249

How can we extract specific files from a large tar.gz file? I found the process of extracting files from a tar in this question but, when I tried the mentioned command there, I got the error:

$ tar --extract --file={test.tar.gz} {extract11}
tar: {test.tar.gz}: Cannot open: No such file or directory
tar: Error is not recoverable: exiting now

How do I then extract a file from tar.gz?

  • 1
    Note that any solution must first decompress the entire archive: https://superuser.com/questions/655739/extract-single-file-from-huge-tgz-file If you want to avoid that, you will need to use another format, such as zip. ZIP will give less compression however, as it compresses individual file separately: https://superuser.com/questions/1013309/why-is-zip-able-to-compress-single-file-smaller-than-multiple-files-with-the-sam I wonder if there is a format that supports both speed and ability to extract a single file. – Ciro Santilli OurBigBook.com May 07 '19 at 16:22
  • 1
    @CiroSantilliOurBigBook.com you could use the parallel version of bzip2 and gzip to speed things up: https://askubuntu.com/questions/62607/whats-the-best-way-to-use-parallel-bzip2-and-gzip-by-default – zs11 Feb 17 '24 at 21:11

6 Answers6

279

You can also use tar -zxvf <tar filename> <file you want to extract>

You must write the file name exacty as tar ztf test.tar.gz shows it. If it says e.g. ./extract11, or some/bunch/of/dirs/extract11, that's what you have to give (and the file will show up under exactly that name, needed directories are created automatically).

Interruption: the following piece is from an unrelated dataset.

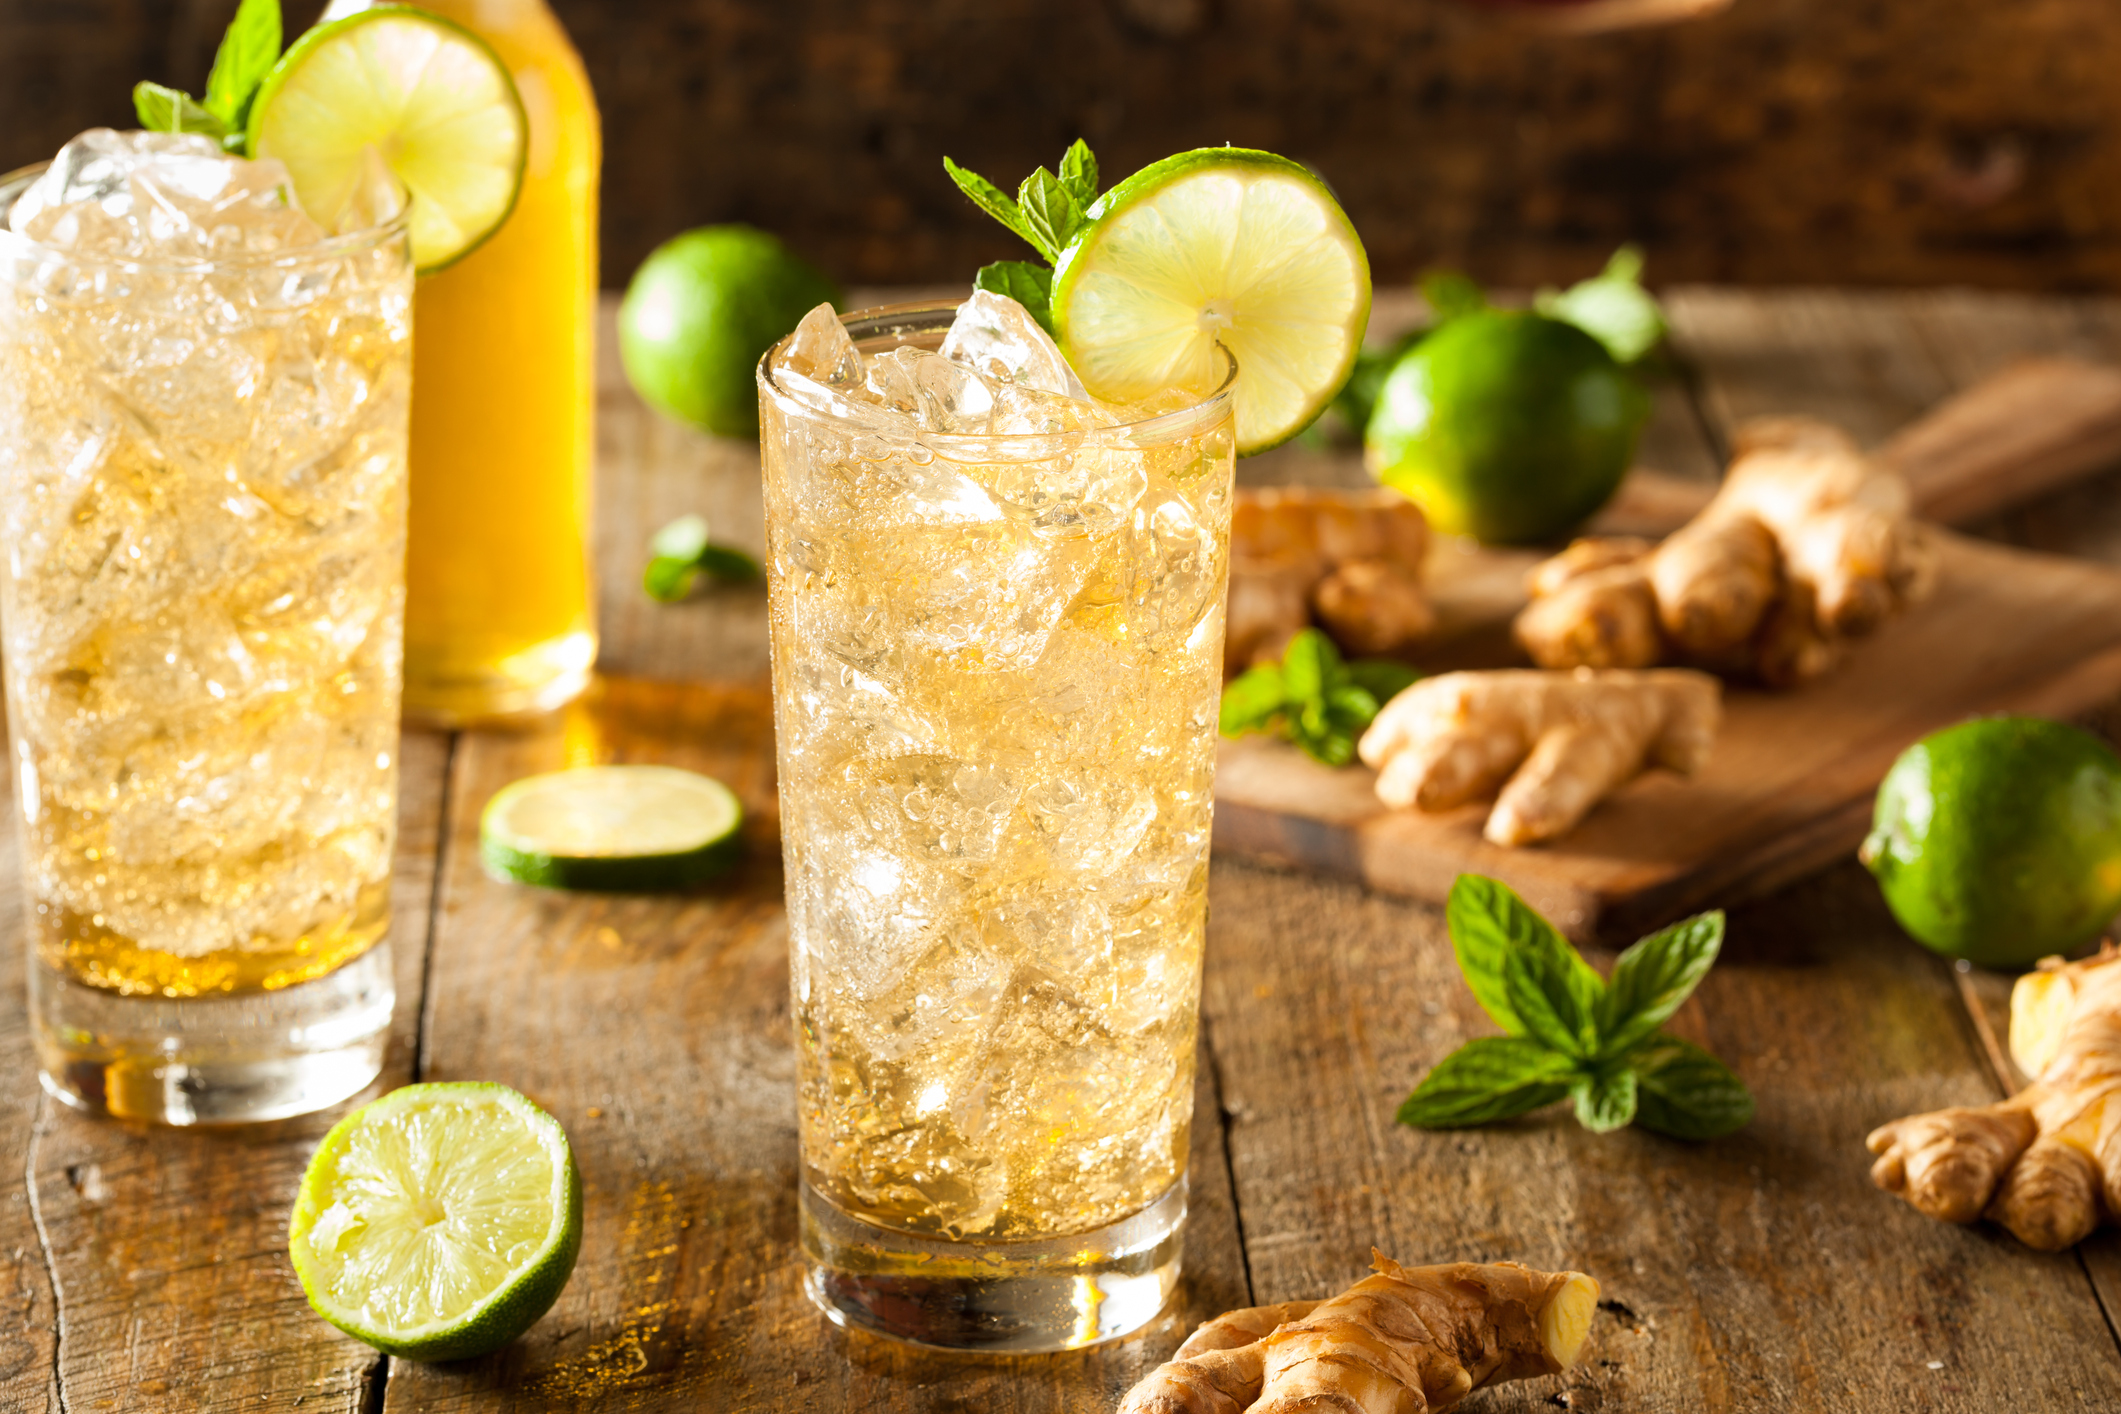 Recipe: Refreshing Golden Ginger Beer with Lime and Mint

  • -x: instructs tar to extract files.
  • -f: specifies filename / tarball name.
  • -v: Verbose (show progress while extracting files).
  • -z: filter archive through gzip, use to decompress .gz files.
  • -t: List the contents of an archive
mgutt
  • 467
  • $ tar -zxvf test.tar.gz extract11 tar: extract11: Not found in archive tar: Error exit delayed from previous errors – Ankit Vashistha Jan 16 '13 at 07:52
  • 1
    then try this tar tf archive.tar.gz | grep extract11.please check whether extract11 is in the archive or not – harish.venkat Jan 16 '13 at 08:06
  • I would like to add a point here, the -z option doesn't work in some versions of unix like HP-UX. – Ankit Vashistha Aug 26 '15 at 06:54
  • The "f" parameter must come last. https://superuser.com/a/150782/78899 Otherwise you get an error like "tar (child): v: Cannot open: No such file or directory" – PJ Brunet Jul 06 '18 at 21:36
  • 2
    @pj-brunet: No, f must not be at the end. But it must be directly followed by the filename. This example with all the other options after the tar name works fine: tar -f mytar.tar.gz -zxv dir/somefile. It extracts "dir/somefile" from "mytar.tar.gz". – mivk Jan 13 '19 at 22:06
  • 6
    Thanks a lot that was great. For viewing the filenames, I used vim <tar filename> and for coying the file into a specific directory, I had to use -C before the filename. that is : tar -zxvf <tar filename> -C <your custom dir> <file you want to extract>. hope this comes helpful to somebody out there – Hossein Nov 10 '20 at 12:24
74

Let's assume you have a tarball called lotsofdata.tar.gz and you just know there is one file in there you want but all you can remember is that its name contains the word contract. You have two options:

Either use tar and grep to list the contents of your tarball so you can find out the full path and name of any files that match the part you know, and then use tar to extract that one file now you know its exact details, or you can use two little known switches to just extract all files that match what little you do know of your file name—you don't need to know the full name or any part of its path for this option. The details are:

Option 1

$ tar -tzf lotsofdata.tar.gz | grep contract

This will list the details of all files whose names contain your known part. Then you extract what you want using:

$ tar -xzf lotsofdata.tar.gz <full path and filename from your list above>

You may need ./ in front of your path for it to work.

Option 2

$ tar -xzf lotsofdata.tar.gz --wildcards --no-anchored '*contract*'

Up to you which you find easier or most useful.

HalosGhost
  • 4,790
  • tar -xzf lotsofdata.tar.gz <full path and filename from your list above> worked for me withour giving ./ at the start of full path – user13107 Apr 06 '17 at 07:26
  • You might have to be patient with these, took a while... Also maybe it's obvious, but it's going to extract the full directory structure in the current directory, even if those directories don't exist yet. – PJ Brunet May 28 '18 at 03:20
  • 1
    BSD tar (at least on macOS) doesn't support the --wildcards option. I was able to still get similar behavior with -x -O *foo. *foo was the filename glob in my case, since I knew the file ended with foo. – Eric Hu Jul 31 '18 at 14:16
23

I was trying to extract a couple hundred files from a tarball with thousands of files the other day. The files I need cannot be referenced by a single wildcard. So I googled and found this page.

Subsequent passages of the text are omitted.